**INPUT RECORDS**
------------------------------------------------

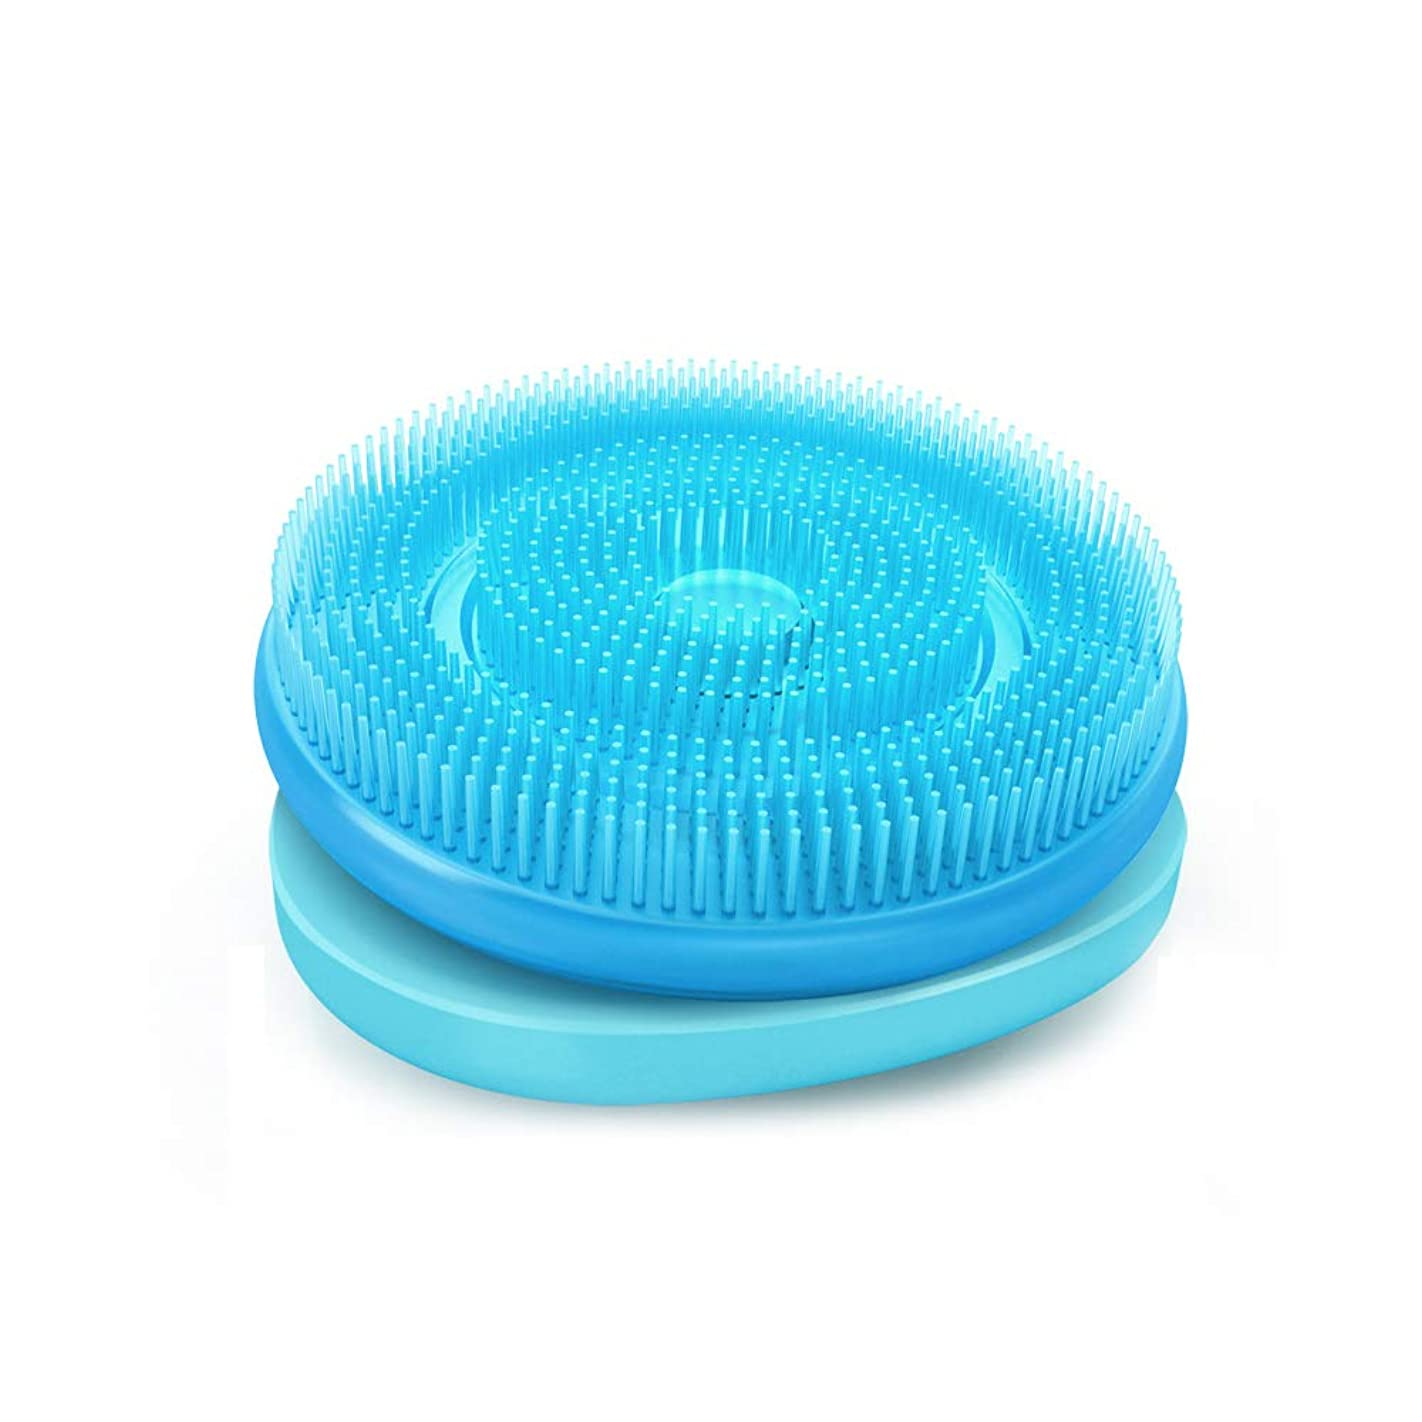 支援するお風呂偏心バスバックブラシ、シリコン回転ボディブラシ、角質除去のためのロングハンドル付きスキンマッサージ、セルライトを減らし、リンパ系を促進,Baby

------------------------------------------------

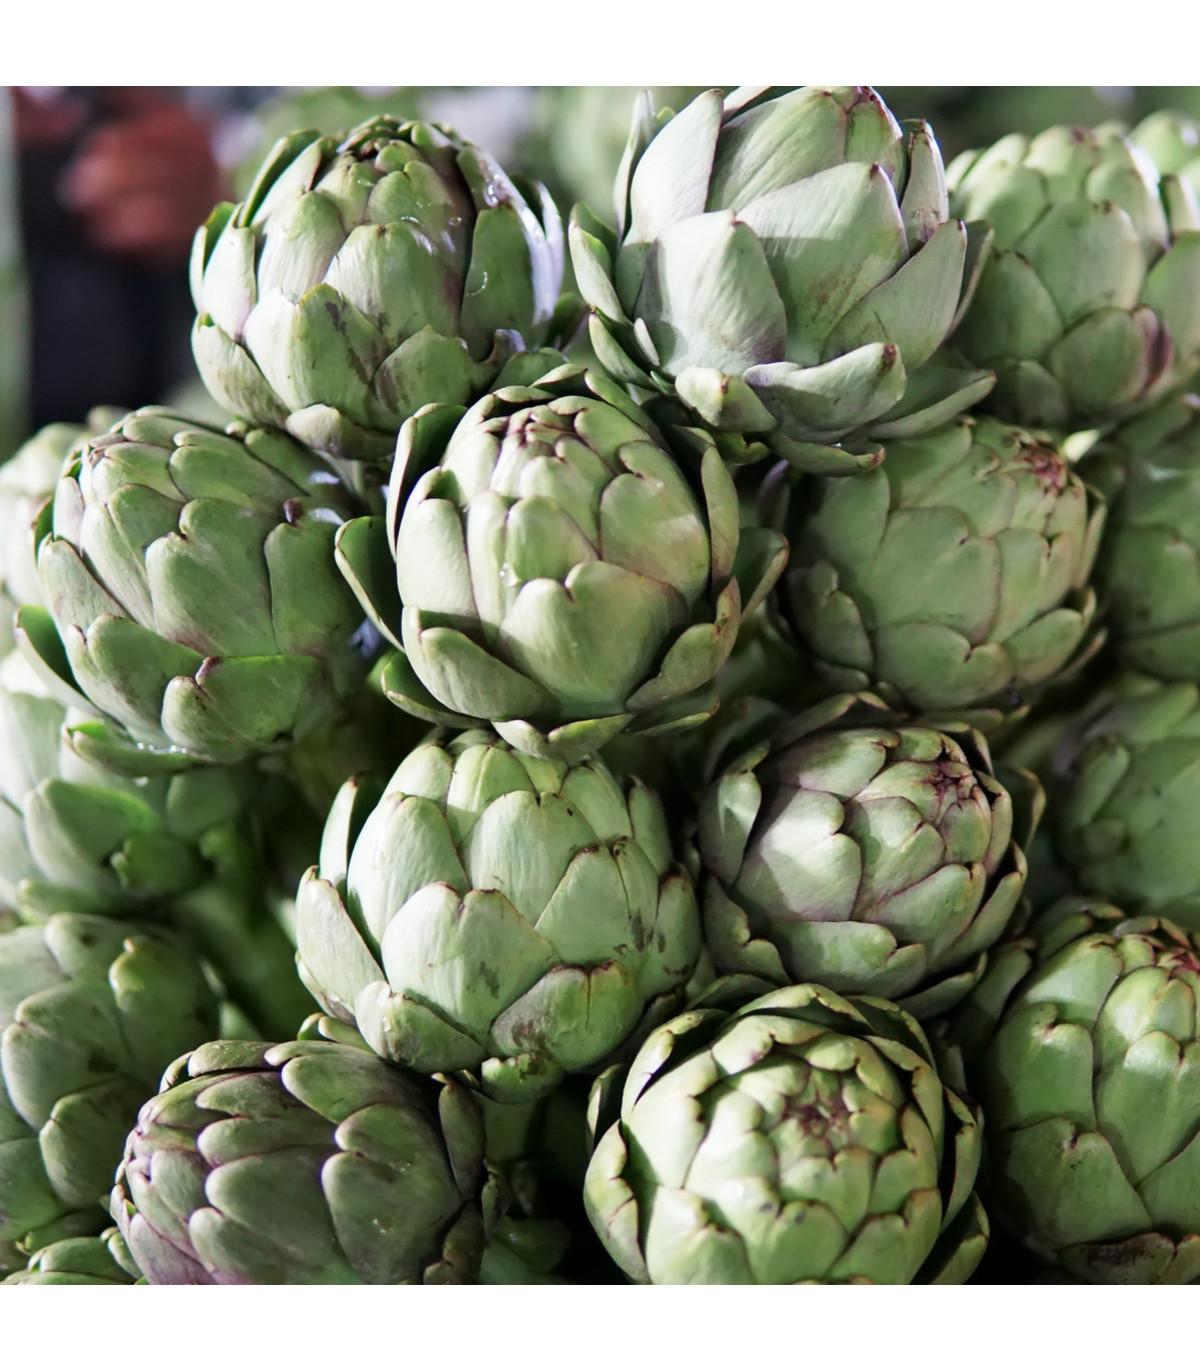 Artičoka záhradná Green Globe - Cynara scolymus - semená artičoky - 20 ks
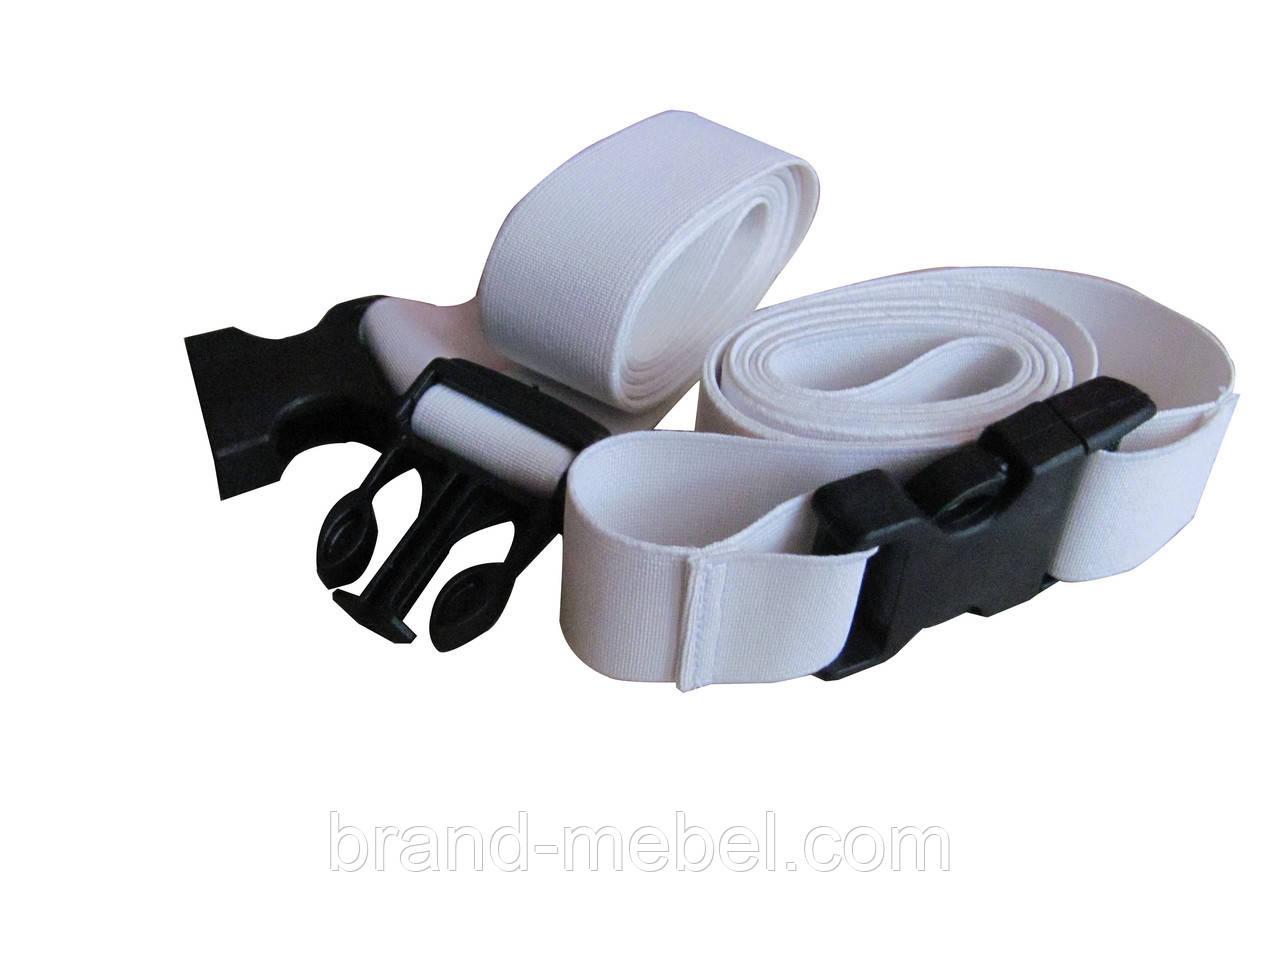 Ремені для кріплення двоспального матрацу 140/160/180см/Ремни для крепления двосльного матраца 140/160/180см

------------------------------------------------

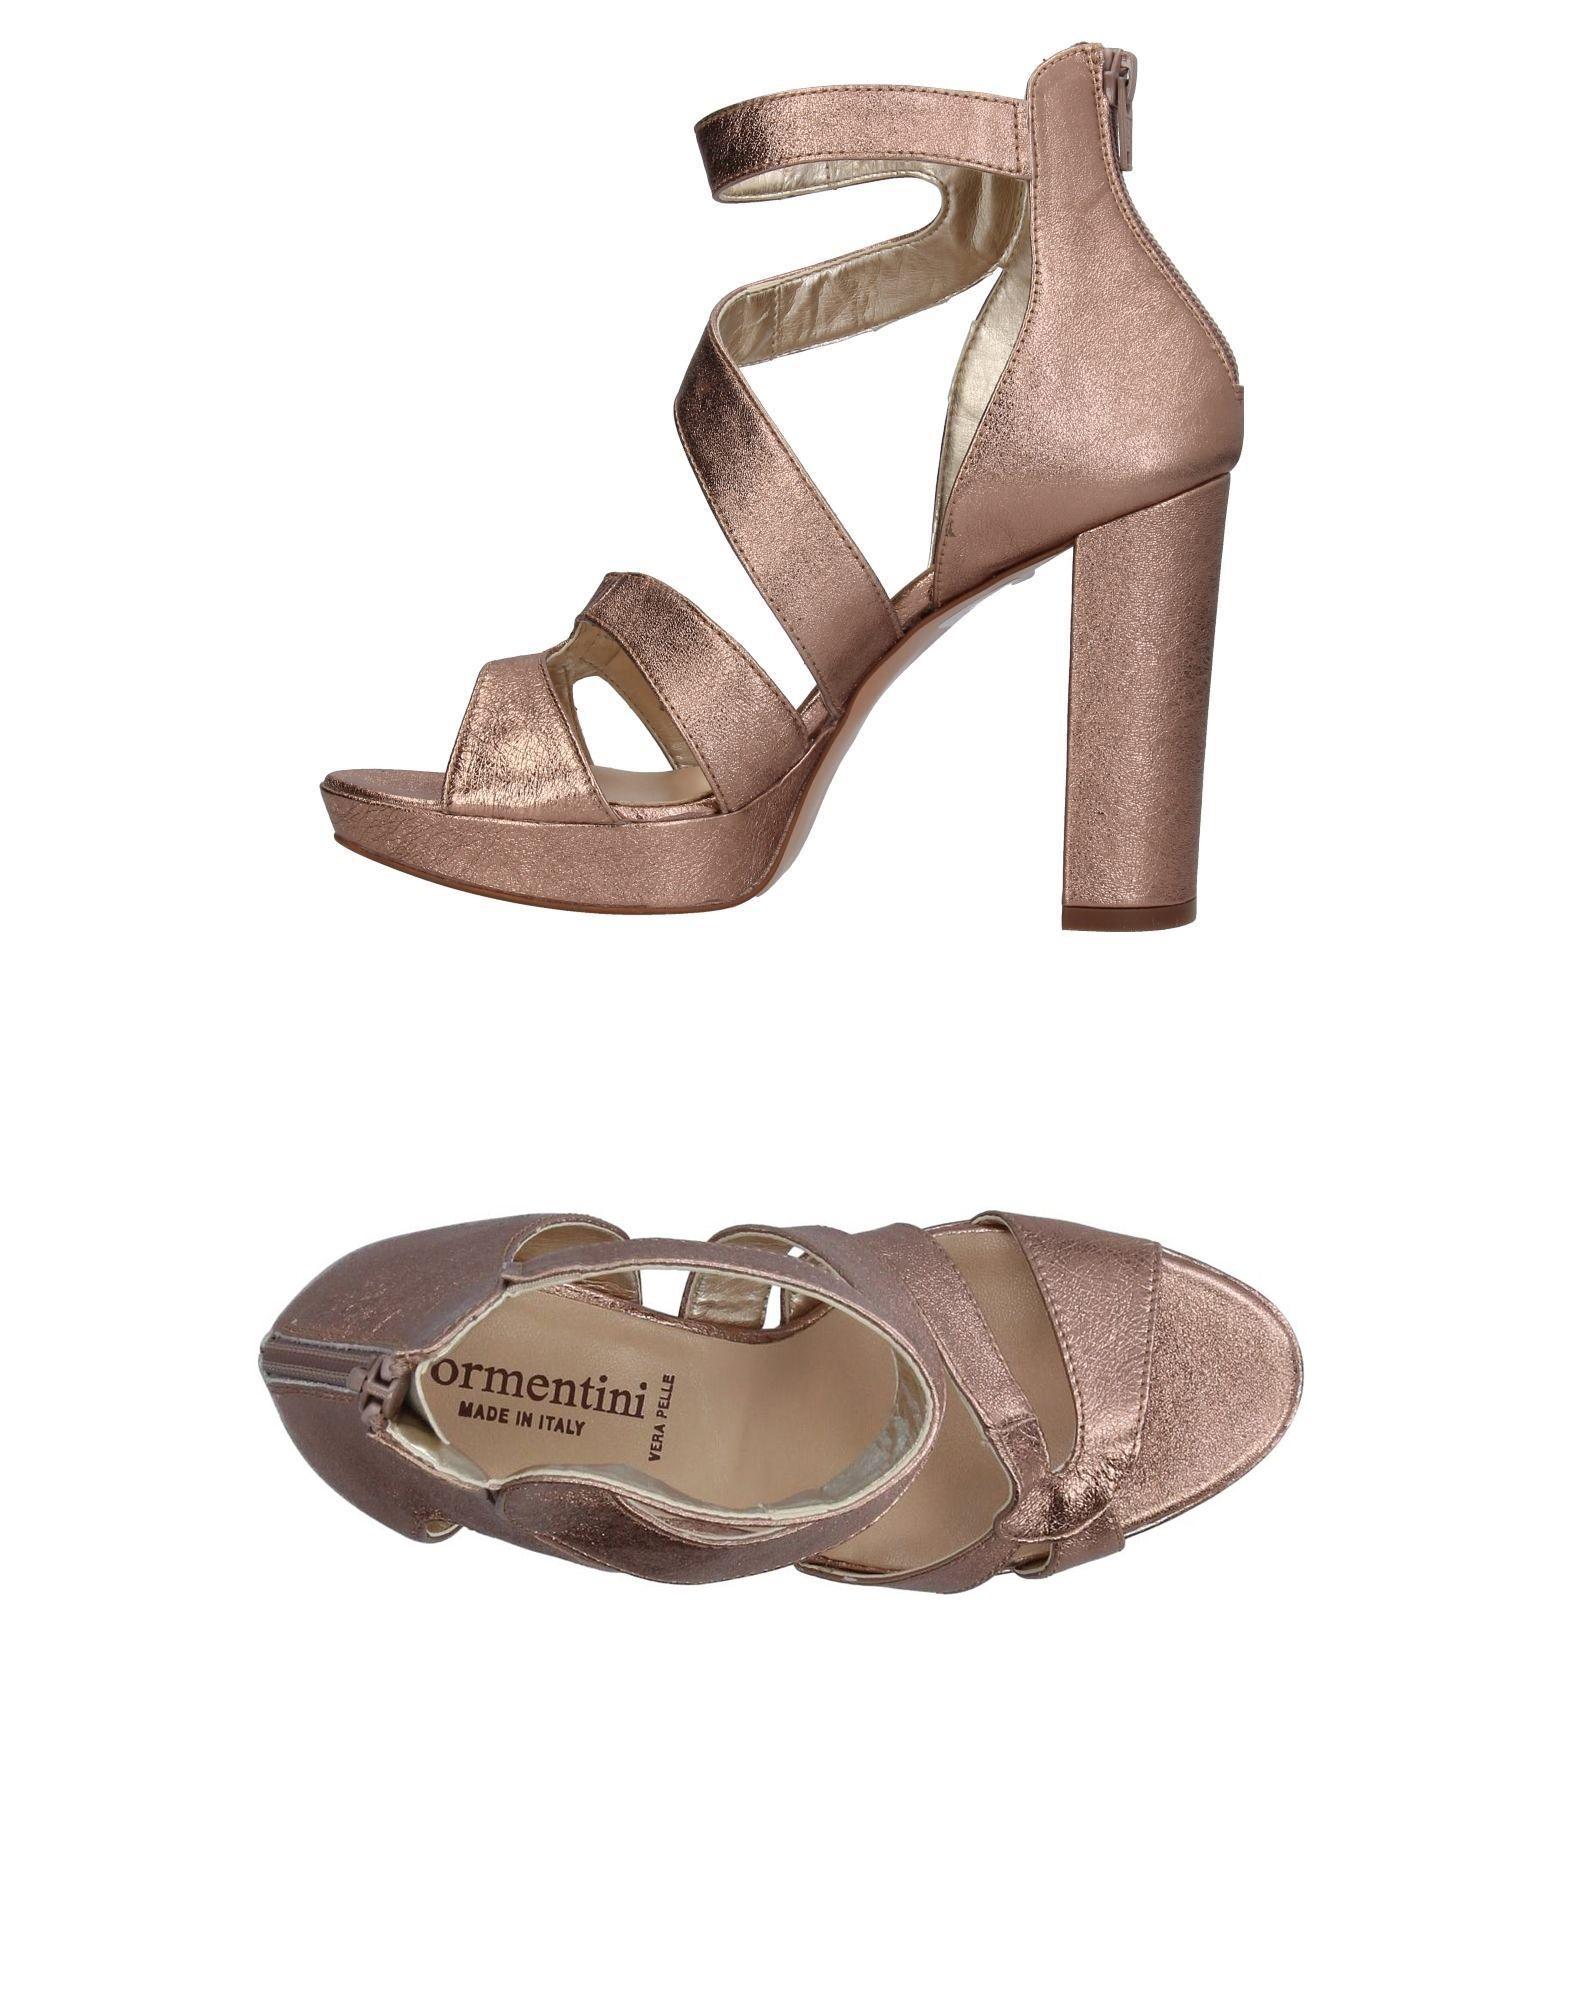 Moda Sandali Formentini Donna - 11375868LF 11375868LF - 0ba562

------------------------------------------------

**THE TASK**
Look above for the line containing "Artičoka záhradná Green", then write out every line from there down to the line containing "Ремені для кріплення", that line included, with no pictures.

**SOLUTION**
 Artičoka záhradná Green Globe - Cynara scolymus - semená artičoky - 20 ks
 Ремені для кріплення двоспального матрацу 140/160/180см/Ремни для крепления двосльного матраца 140/160/180см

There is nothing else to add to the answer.